In der Art, wie sie Schultypologien abbilden, lassen sich die Stuttgarter Beispiele auch auf Schwäbisch Gmünd übertragen – von der Architektur der Kaiserzeit bis zu pavillonartigen Schulbauten der Nachkriegszeit. Schwäbisch Gmünd, sagt Kerstin Renz, sei seit dem 19. Jahrhundert dank des Lehrerseminars und der heutigen PH ein traditioneller Bildungsstandort. Sie erinnert an das monumentale Seminargebäude in der Lessingstraße, die Alte PH, und das benachbarte Parler-​Gymnasium, „eines der repräsentativsten Schulgebäude der Kaiserzeit im Land mit einer ausgesprochen aufwendigen Architektur. Es ist beispiellos. So etwas wie das Parler-​Gymnasium gibt es in ganz Stuttgart nicht.“
Dass das PG unter Denkmalschutz steht, versteht sich. Die frühen Behnisch-​Bauten, die Schiller-​Realschule und das Hans-​Baldung-​Gymnasium, werden zwar nicht als Denkmale geführt, ihnen wird aber von den Fachleuten bescheinigt, dass sie von der Stadt rücksichtsvoll saniert wurden. Erst in diesem Jahr – passend zur Tagung – wurden zwei weitere Gmünder Schulen als Kulturdenkmale eingestuft: Zum einen die Rauchbeinschule (von dem Stuttgarter Architekten Wolf Irion, 1909 – 1981) aus den frühen 50-​er Jahren, der erste Nachkriegs-​Schulbau Gmünds, mit dem die Stadt bewusst ein neues Kapitel aufschlagen wollte. Die Rauchbeinschule sollte mit ihrer modernen, offenen Architektur demokratischen Geist in die Schule bringen.

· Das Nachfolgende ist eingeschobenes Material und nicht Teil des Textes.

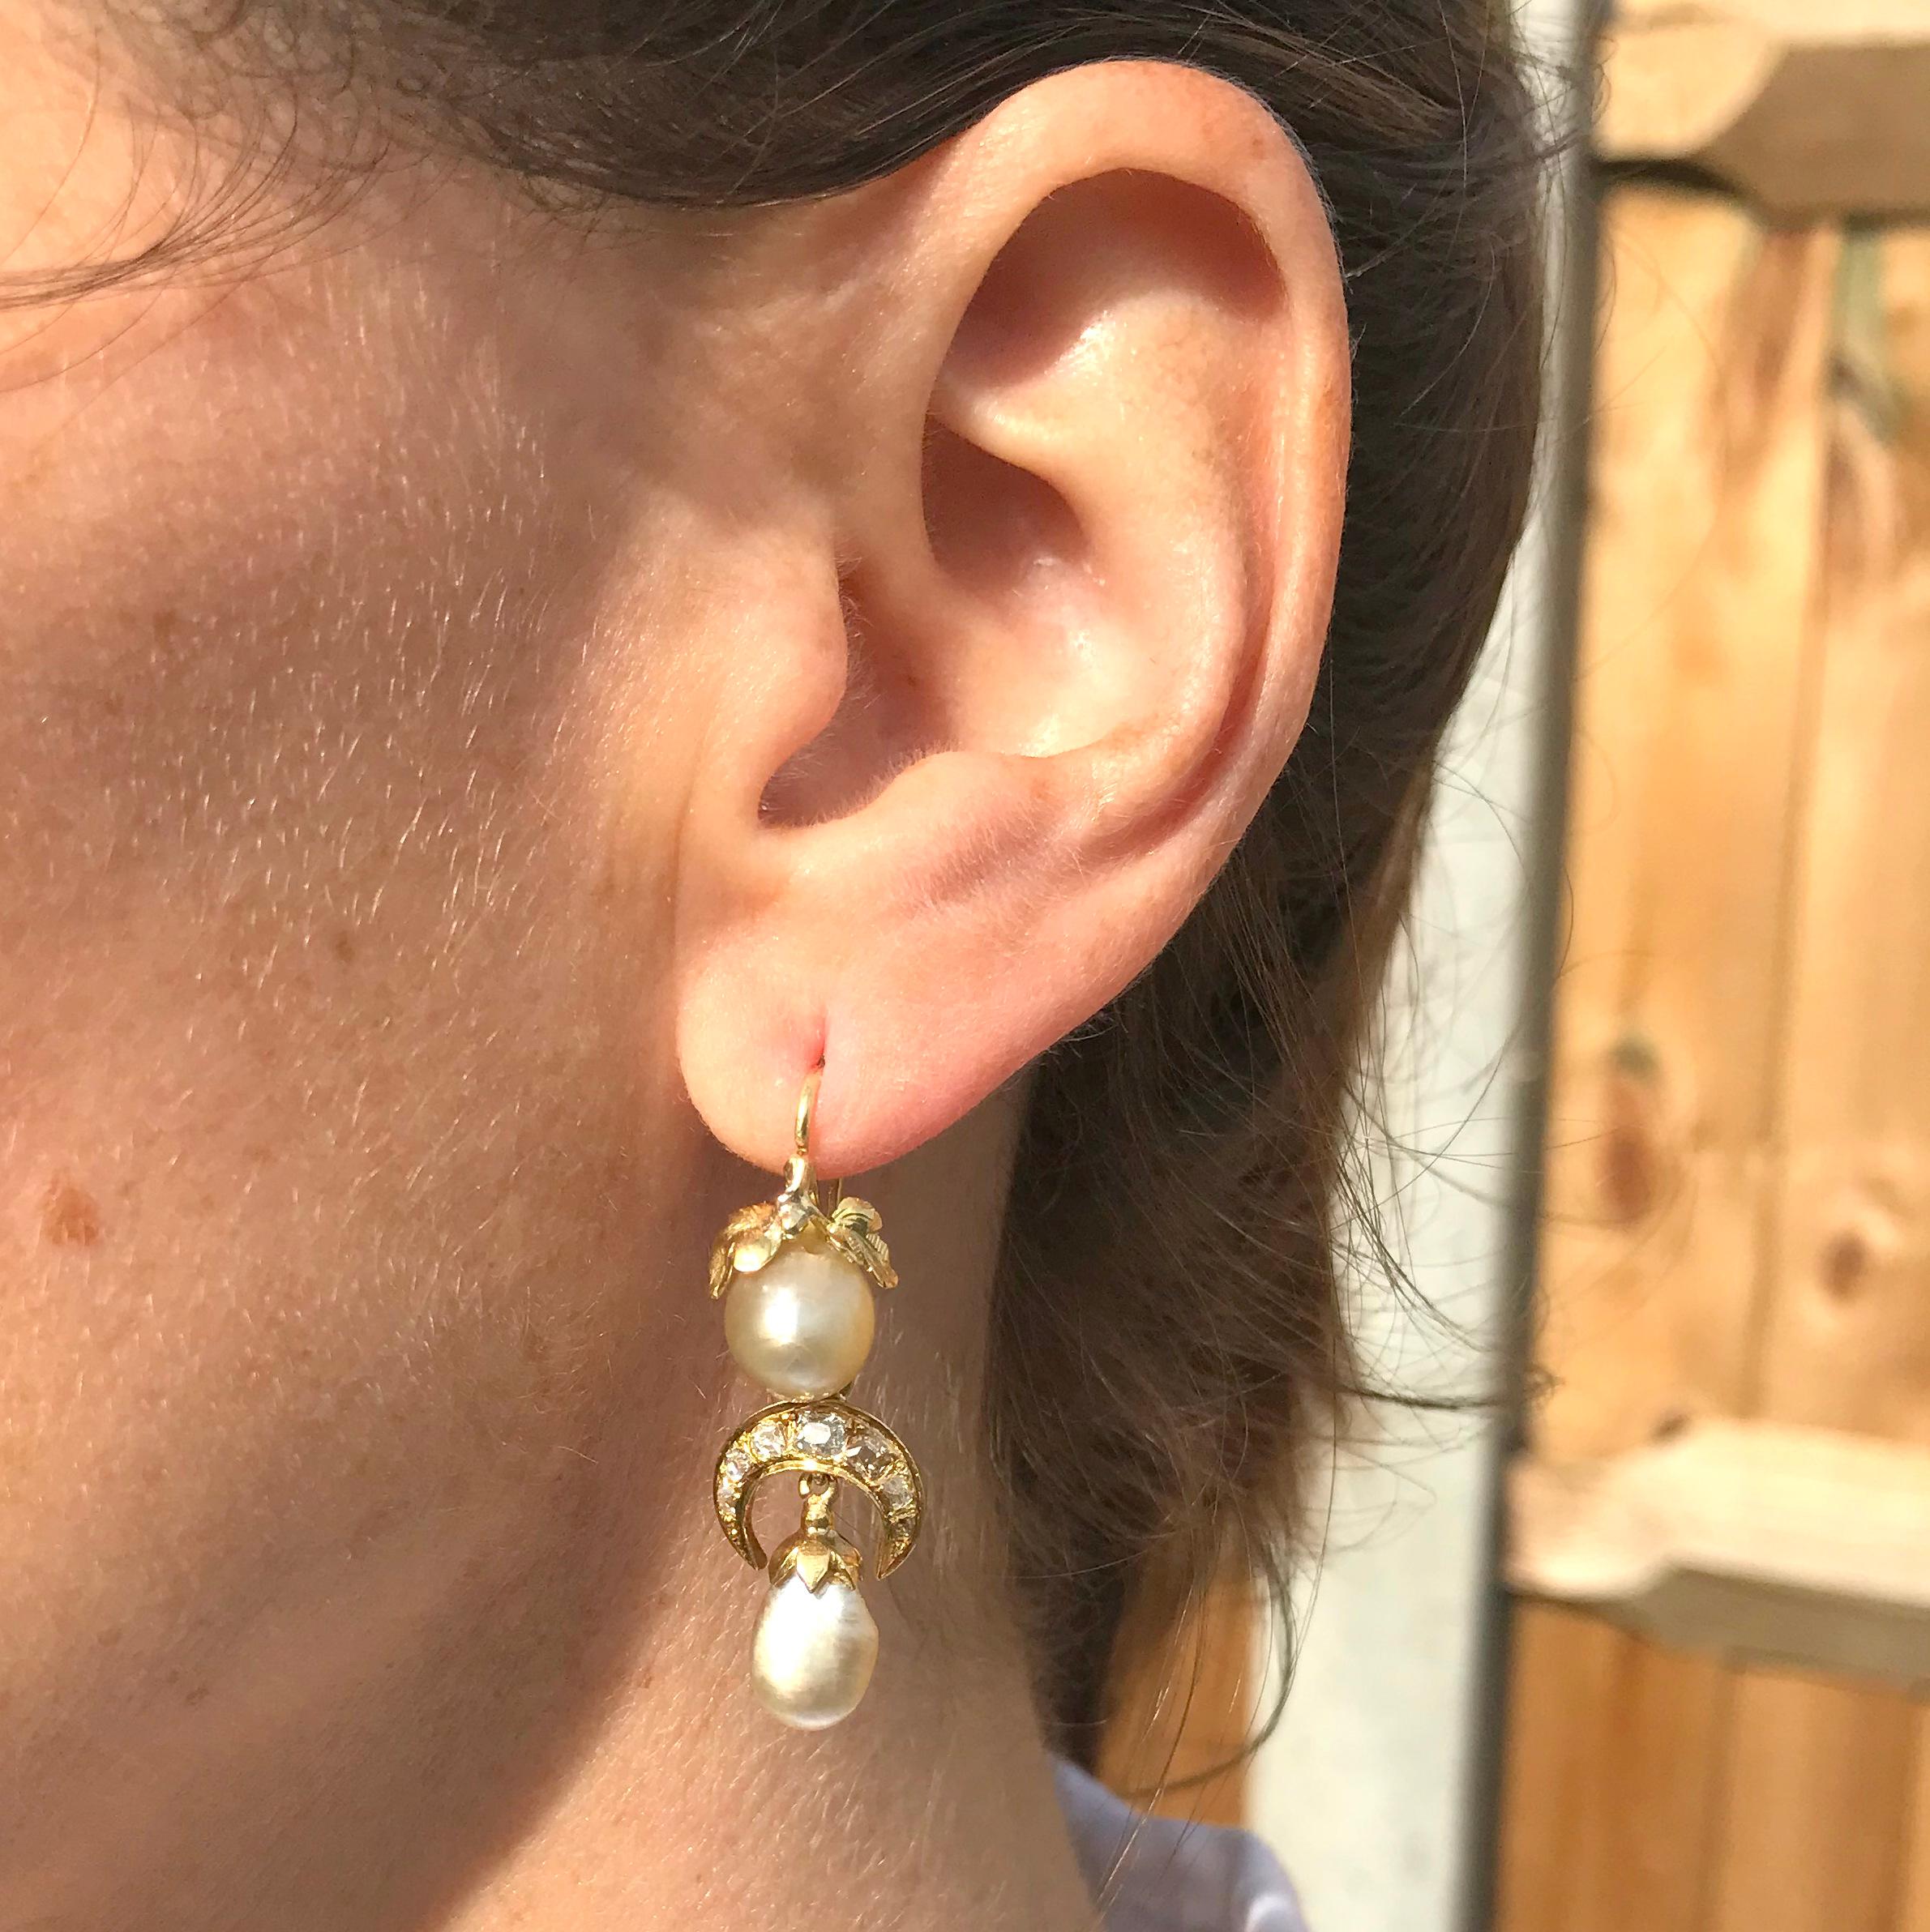 Breathtaking natural pearl earrings which can be worn long with the diamond and pearl drops, or just as the tops alone. Each earring is adorned at the top with a pair of beautifully realised leaves, with the articulated bottom part of the earrings

Zum anderen das Aufbaugymnasium (von Hans Auras, Jg. 1929, von 1972 – 1991 Professor an der Hochschule für Technik in Stuttgart), erbaut 1963/​64. Der enorm großzügig angelegten Schulkomplex am Herlikofer Berg, heute Finanzschule und etwas aus dem Blick geraten, war eine Konsequenz des Bildungsaufbruchs der 1960-​er Jahre (und sollte der PH den Studenten-​Nachwuchs liefern). Es gelang sogar mehr: Die Schule mit Internats-​Wohntürmen, Mensa, Musikpavillon und Schwimmhalle gilt bundesweit als einer der besten ihrer Art und Begründung eines Typus.
Diesen Schulen wurden von den Bauherrn, Stadt und Land, große Bedeutung beigemessen. Sie sollten für die Stadt und über sie hinaus ein Zeichen setzen. Beide gingen seinerzeit aus Wettbewerben hervor, „etwas, was auch nicht jede Kommune macht“, sagt Kerstin Renz.
Aber es geht nicht nur um Bauhistorie und Denkmalwert. Baubürgermeister Julius Mihm hebt darauf ab, wie Schulen ihr Umfeld prägen, wie Kinder sich mit ihr und ihrer Umgebung identifizieren und wie ihr Interesse wächst: „Meine Schule – mein Quartier – meine Stadt.“ Aus den Bildungseinrichtungen und ihrenVeränderungen erwüchsen neue Aufgaben für die Stadtplanung, aus den „Lernorten“ werden gegenwärtig „Lebensorte“. Gesellschaftliche Veränderungen ließen sich am schnellsten an den Schulbauten ablesen, sagt Julius Mihm, Kerstin Renz spricht von ihnen als „aufgeschlagenen Geschichtsbüchern.“ In der Wertschätzung als Denkmal ergäben sich für Sanierungen und Umbauten schöpferische Anknüpfungspunkte.
Was für eine Schul– und Bildungsstadt wie Schwäbisch Gmünd bedeuten sollte, dass sie hohe Ansprüche nicht nur formuliert, sondern tatsächlich einlöst.